Inhibitory effects of interferons on pancreatic stellate cell activation

Figure 1 Effects of interferons on PSC proliferation. PSCs growing in primary culture were harvested, replated at equal seeding densities in 96-well plates and treated with IFN-α, IFN-β and IFN-γ at the indicated concentrations for 48 h, the time when the fastest-growing cultures were almost confluent. Cell proliferation was assessed with the BrdU DNA-incorporation assay. One hundred percent cell proliferation corresponds to untreated PSCs. Data are presented as mean ± SE (n = 6 separate cell preparations from one rat). ^aP < 0.05 vs control cultures. The results shown are representative of three experiments using cells from different rats.

Figure 2 Effects of IFN and simvastatin on PSC survival. PSCs growing in 12-well plates were cultured with IFN-α (10⁶ U/L), IFN-β (10⁶ U/L), IFN-γ (100 μg/L) and simvastatin (Sim; 5 μmol/L) as indicated. To determine the percentage of cell death by flow cytometry analysis, cells with DNA content lower than the G₁ peak (sub-G₁) were considered apoptotic. Data are indicated as mean ± SE (n = 6 separate cell preparations from one rat). ^aP < 0.05 vs control cultures. Three experiments using cells from different rats yielded qualitatively identical results.

Figure 3 IFN-γ inhibits expression of α-SMA in PSCs. Freshly isolated PSCs growing in 6-well plates were treated with IFN for 9 d as indicated. Cell lysates were normalized for protein concentration and resolved by SDS-PAGE. A: Expression of α SMA assayed by immunoblotting; B: Blot stripped and reprobed with an anti-ERK 1/2 protein-specific antibody to control loading. Results are representative of three independent experiments.

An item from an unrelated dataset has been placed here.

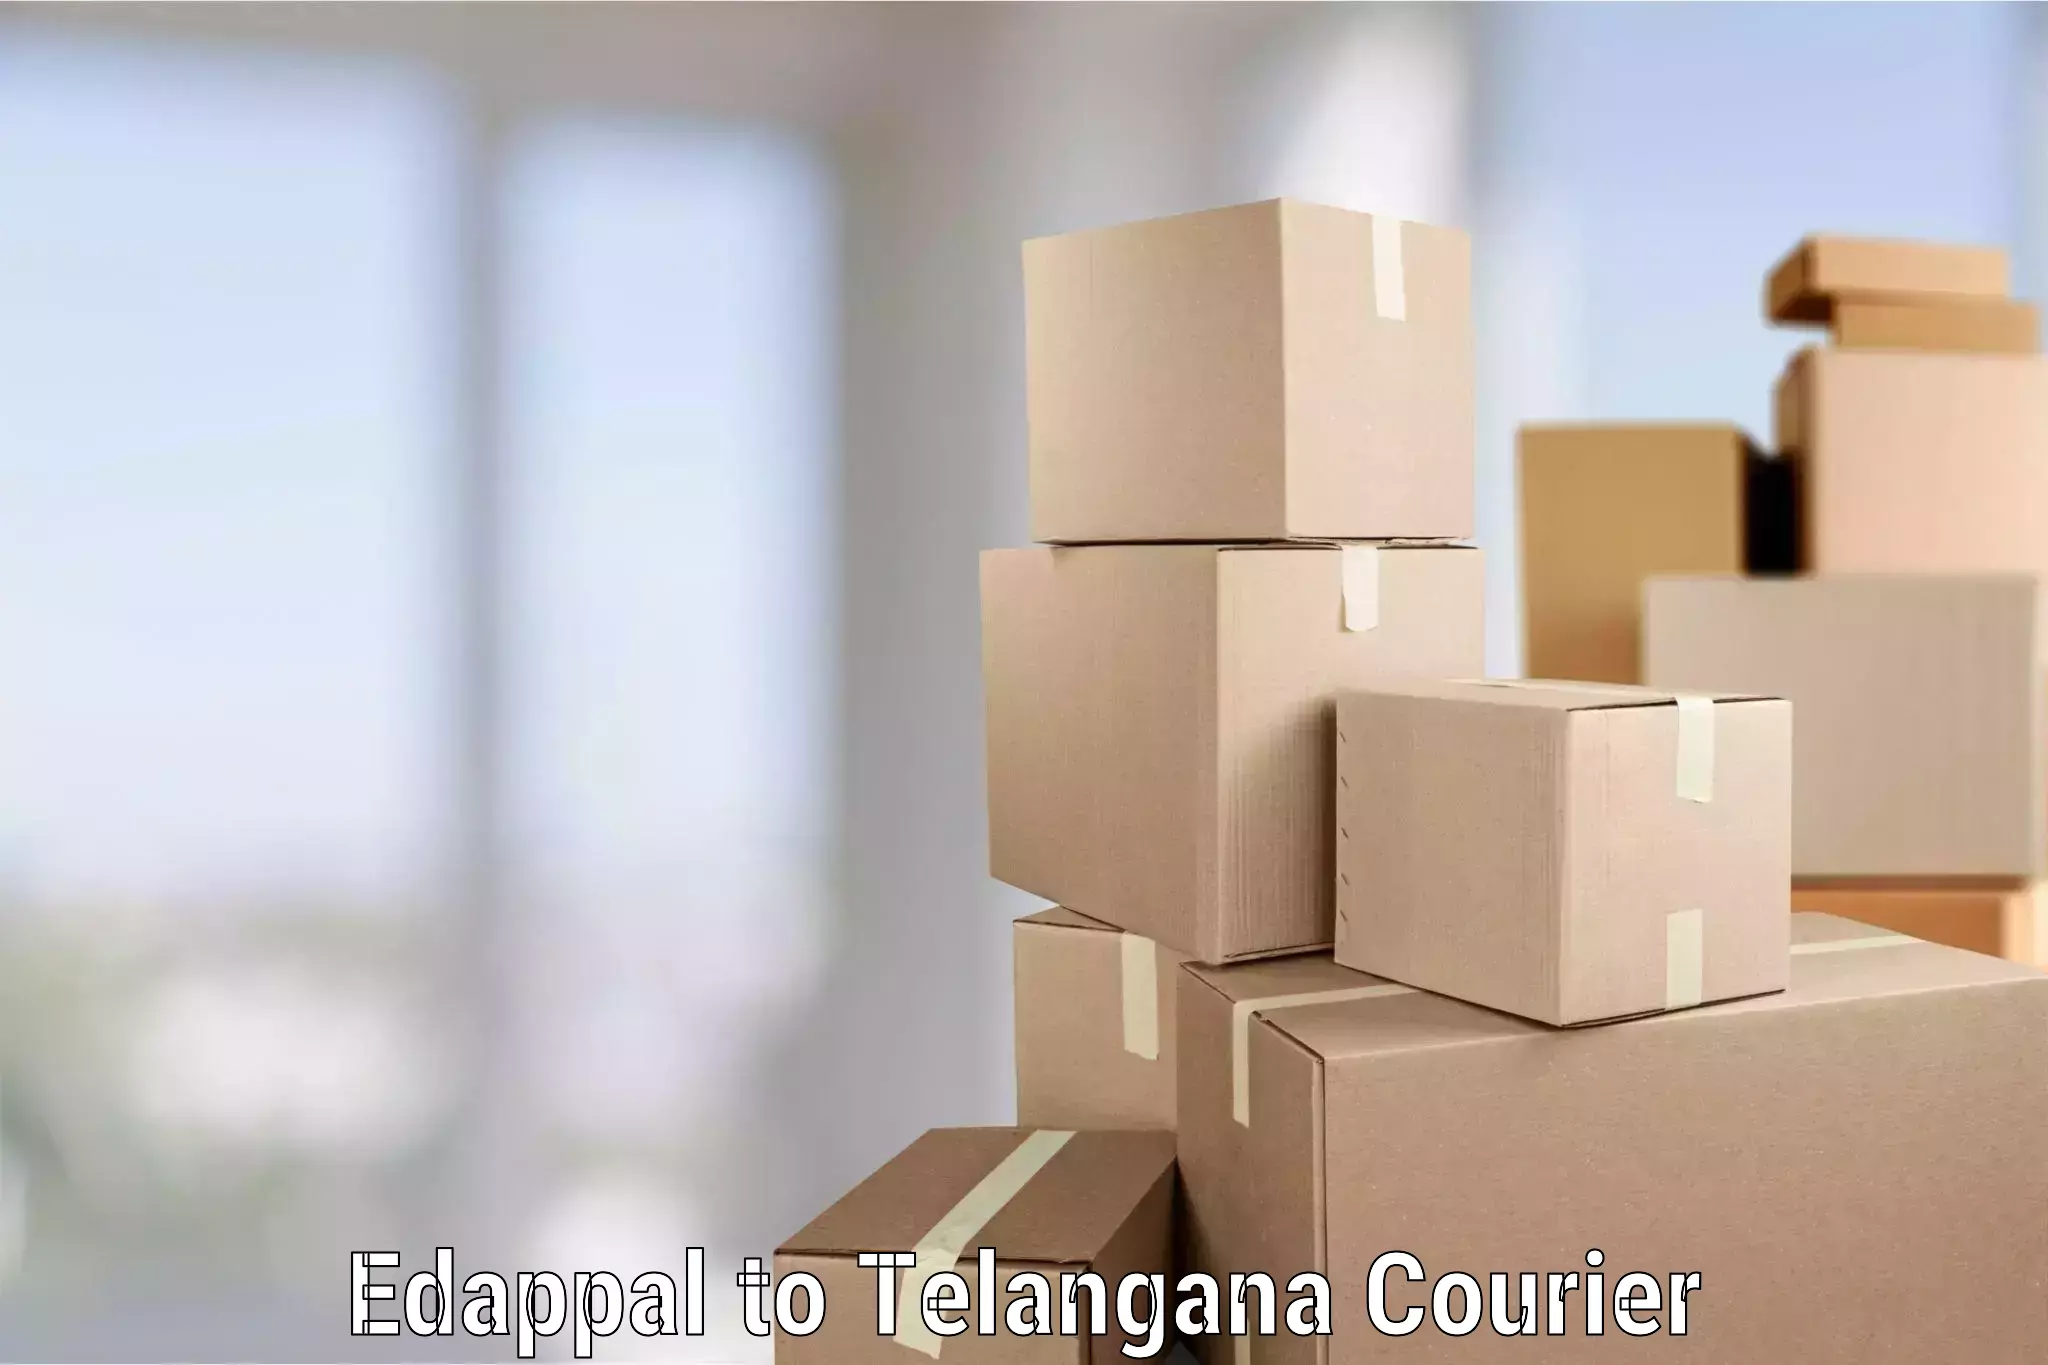 Trusted relocation experts Edappal to Yellareddy

Figure 4 Effects of IFNs on [³H]-proline incorporation in PSCs. PSCs growing in 12-well plates (one passage) were exposed for 48 h to IFNs as indicated. Collagen synthesis was analyzed through the quantification of [³H]-proline incorporation into acetic acid-soluble proteins, and raw data were normalized for differences in cell growth rates as described under “Materials and methods”. One hundred percent [³H]-proline incorporation corresponds to untreated PSCs. Data are presented as mean ± SE (n = 6 separate cell preparations from one rat). ^aP < 0.05 vs control cultures. The results shown are representative of three experiments using cells from different rats.

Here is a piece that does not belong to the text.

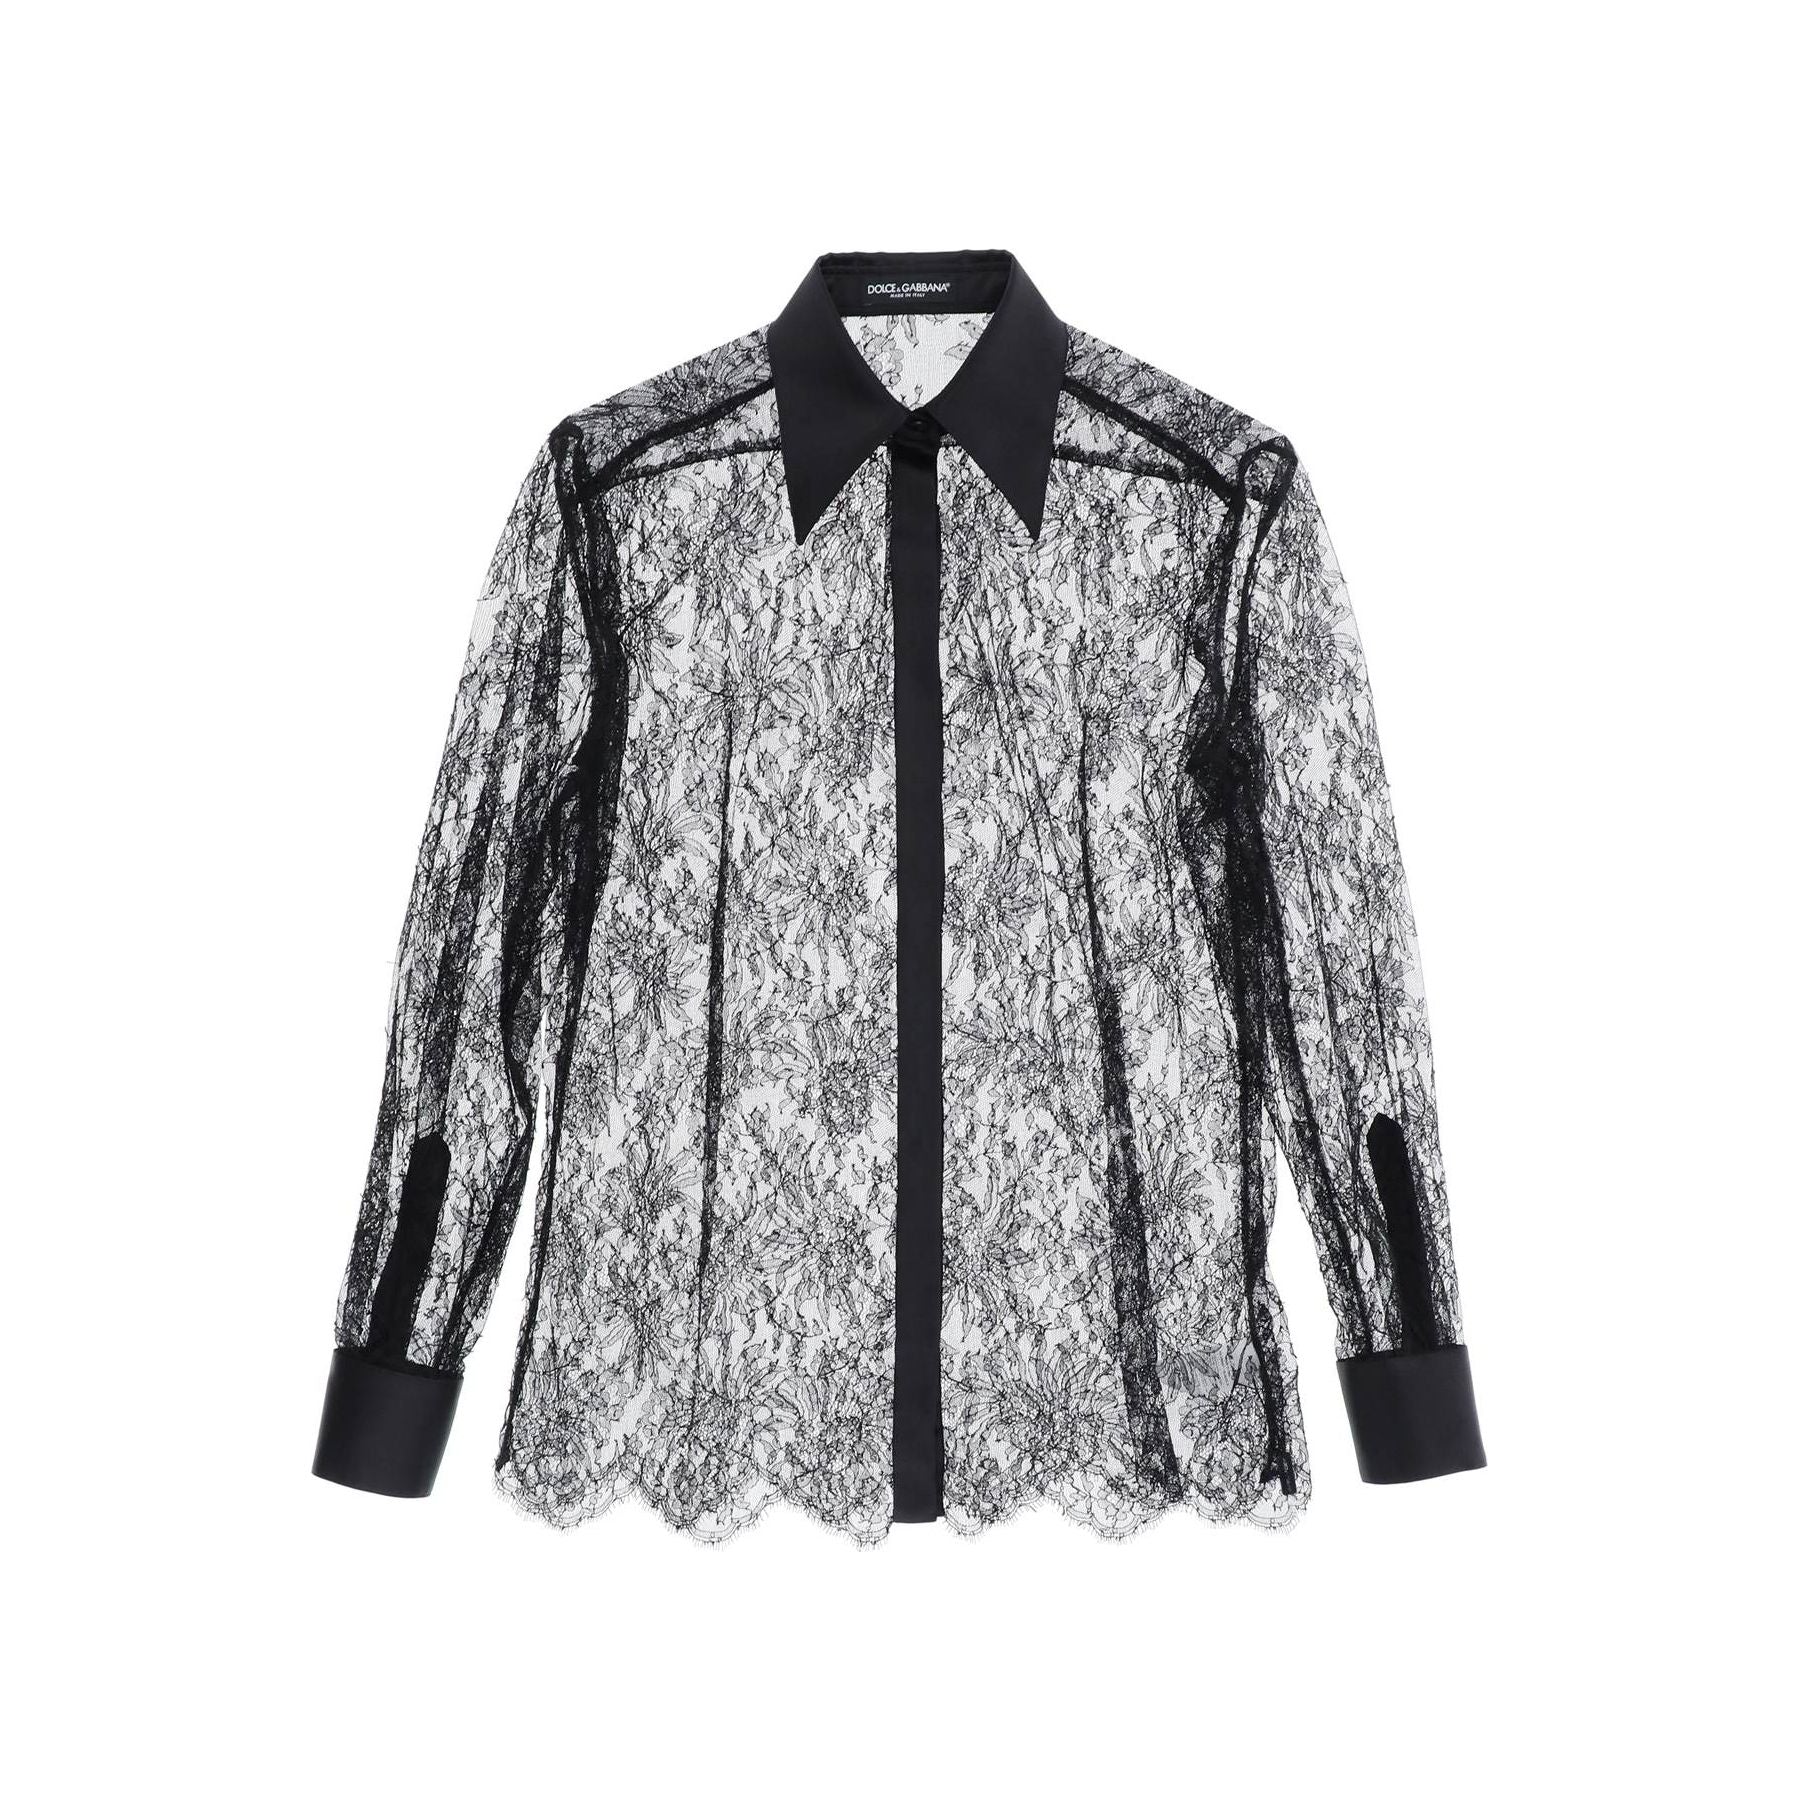 Floral Chantilly Lace Shirt

Figure 5 Tyrosine phosphorylation of STAT1 and STAT3 in PSCs induced by IFN. PSCs growing in 6-well plates (one passage) were treated with IFN-α (10⁶ U/L), IFN-β (10⁶ U/L) and IFN-γ (100 μg/L) as indicated. Cell lysates were normalized for protein concentration and resolved by SDS-PAGE. A: Tyrosine phosphorylation of STAT1 assayed by immunoblotting using an antibody specific for the tyrosine-phosphorylated protein (upper panel). To control loading, the blot was stripped and reprobed with an anti-STAT1 protein-specific antibody (lower panel); B: Immunoblot analysis performed using an antibody specific for tyrosine-phosphorylated STAT3 (upper panel) and the blot stripped and reprobed with an anti-STAT3 protein-specific antibody (lower panel). Results are representative of three independent experiments.

Figure 6 Effects of STAT1 siRNA on PSC growth. A: Expression of STAT1 in PSCs 5 d after STAT1 siRNA application determined by immunoblot analysis as well as ERK 1 and 2 expression analyzed using an anti-ERK 1/2 protein-specific antibody; B: PSCs treated with STAT1 siRNA and IFN-γ as indicated and control cultures were exposed to a non-silencing control oligonucleotide at the same concentration. PSC proliferation was analyzed through the determination of BrdU incorporation into newly synthesized DNA as described in the section “Materials and methods”. One hundred percent cell proliferation corresponds to PSCs treated with control oligonucleotide (left two columns) or STAT 1 siRNA (right two columns) in the absence of IFN-γ Data are presented as mean ± SE (n = 7 separate cell preparations from one rat). ^aP<0.05 vs IFN-γ-treated control cultures. The results shown are representative of three experiments using cells from different rats.